Use ChatGPT, Claude, Google AI Studio, RAG & NotebookLM to Research, Innovate & Manage Products
What You Will Learn:
- Apply ChatGPT, Claude, and Google AI Studio to real-world product management workflows — from ideation and discovery to delivery and iteration
- Synthesize large volumes of user feedback and multi-source research using AI tools like NotebookLM and Claude — cutting research time from days to minutes
- Build lightweight AI-powered applications using Google AI Studio without needing a deep software engineering background
- Execute end-to-end user research and problem discovery workflows using AI-powered tooling designed specifically for product teams
- Implement Retrieval-Augmented Generation (RAG) pipelines with practical code walkthroughs — and know exactly when and why to use RAG in your product
- Run basic Generative AI Python code in Google Colab to prototype and validate AI-powered product ideas quickly
- Show more
As an experienced tech professional, I approach new courses with skepticism. ‘Generative AI for Product Management: Gen AI for PMs’ promised a lot.
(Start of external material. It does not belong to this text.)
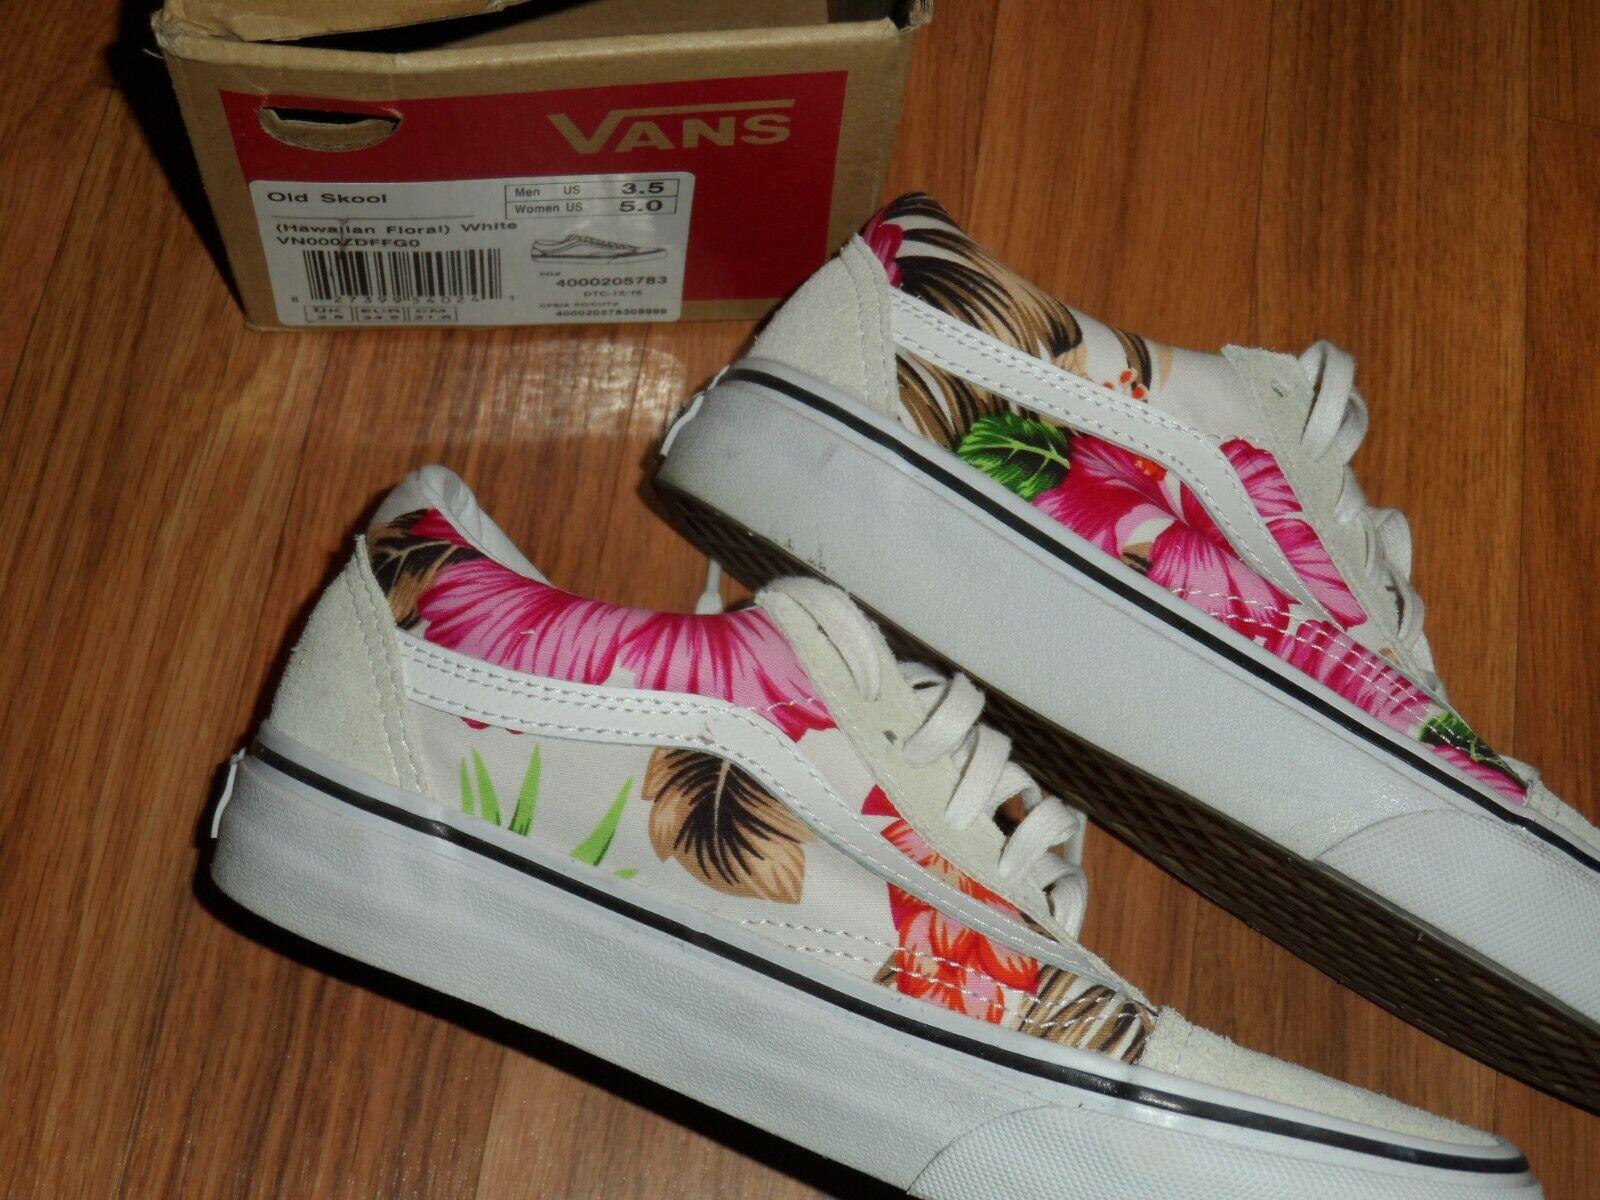 Hommes Jeunes Garçon Fille 3.5 femmes 5  Old Skool Vans chaussures Tropical Hawaïen Floral

Having completed the curriculum, I can confidently say it offers genuinely valuable insights and practical skills for any product manager aiming to thrive in the age of AI.
Overview
This isn’t a theoretical dive; it’s a hands-on masterclass for product managers leveraging generative AI. It distills complex AI into actionable strategies, bridging cutting-edge technology and practical product development. The course demonstrates *how* to wield tools like ChatGPT, Claude, Google AI Studio, and Retrieval-Augmented Generation (RAG) to drive efficiency, supercharge innovation, and rethink product discovery. For PMs seeking a strategic advantage in a rapidly evolving digital landscape, this course ensures leadership in digital transformation.
Prerequisites
This program excels in accessibility; no deep data science or software engineering background is required. A foundational understanding of product management principles is beneficial, and basic tech familiarity helps. You’ll build lightweight AI applications “without needing a deep software engineering background.” If you’re comfortable with a browser and eager to experiment, you’re well-suited. While not a Python deep dive, readiness to run basic scripts in Google Colab is beneficial.
Skills & Tools
Upon completion, participants will possess a robust arsenal of job-ready skills and proficiency with industry-standard tools:
- AI-Powered Product Strategy: Applying leading generative AI models (ChatGPT, Claude, Google AI Studio) for ideation, analysis, and strategic planning.
- Hyper-Efficient User Research: Leveraging AI tools like NotebookLM and Claude to synthesize feedback and multi-source research, dramatically cutting research time.
- Rapid Prototyping & Validation: Building lightweight AI applications via Google AI Studio and basic Python in Google Colab to quickly prototype and validate AI-powered ideas.
- End-to-End Problem Discovery: Executing comprehensive user research and problem discovery workflows using AI-powered tooling designed specifically for product teams.
- Retrieval-Augmented Generation (RAG) Implementation: Practical application of RAG pipelines with code walkthroughs, understanding its essential use cases.
Career Benefits & Job Roles
The skills gained here translate directly into significant career growth. For current Product Managers, this course offers immediate capability enhancement, positioning you as an innovator driving AI-first initiatives. AI-driven product development makes you highly competitive for roles like Senior Product Manager, AI Product Manager (a rapidly emerging specialization), or Innovation Lead. The emphasis on real-world projects builds a portfolio demonstrating tangible value, potentially aiding in future certification prep for AI-focused roles.
Pros
- Highly Practical & Hands-On Focus: Packed with hands-on labs and practical exercises, this course guides you through using AI tools on actual product management scenarios, equipping you with immediate, deployable skills.
- Comprehensive Toolset & Workflows: Covering ChatGPT, Claude, Google AI Studio, NotebookLM, and RAG, participants gain exposure to a diverse ecosystem of industry-standard tools, ensuring versatility and a holistic understanding of the Gen AI landscape.
- Significant Efficiency Gains: The promise of “cutting research time from days to minutes” via AI-powered synthesis is not hyperbole. This course directly addresses major PM pain points, boosting productivity and allowing focus on strategic thinking.
- Accessibility for Non-Technical PMs: Minimizing the need for deep software engineering knowledge, this course makes advanced AI concepts accessible. It empowers non-technical PMs to confidently prototype AI features and engage effectively, fostering technical fluency without requiring a developer’s skillset.
Cons
- While the course introduces “basic Generative AI Python code” in Google Colab for prototyping, it doesn’t delve into the complexities of full-stack AI model development or advanced machine learning engineering. Product managers aspiring to deep technical implementation or building highly customized AI models from scratch might find this a starting point rather than exhaustive training. Its focus is firmly on strategic application and rapid prototyping from a PM’s perspective, not on becoming an ML engineer.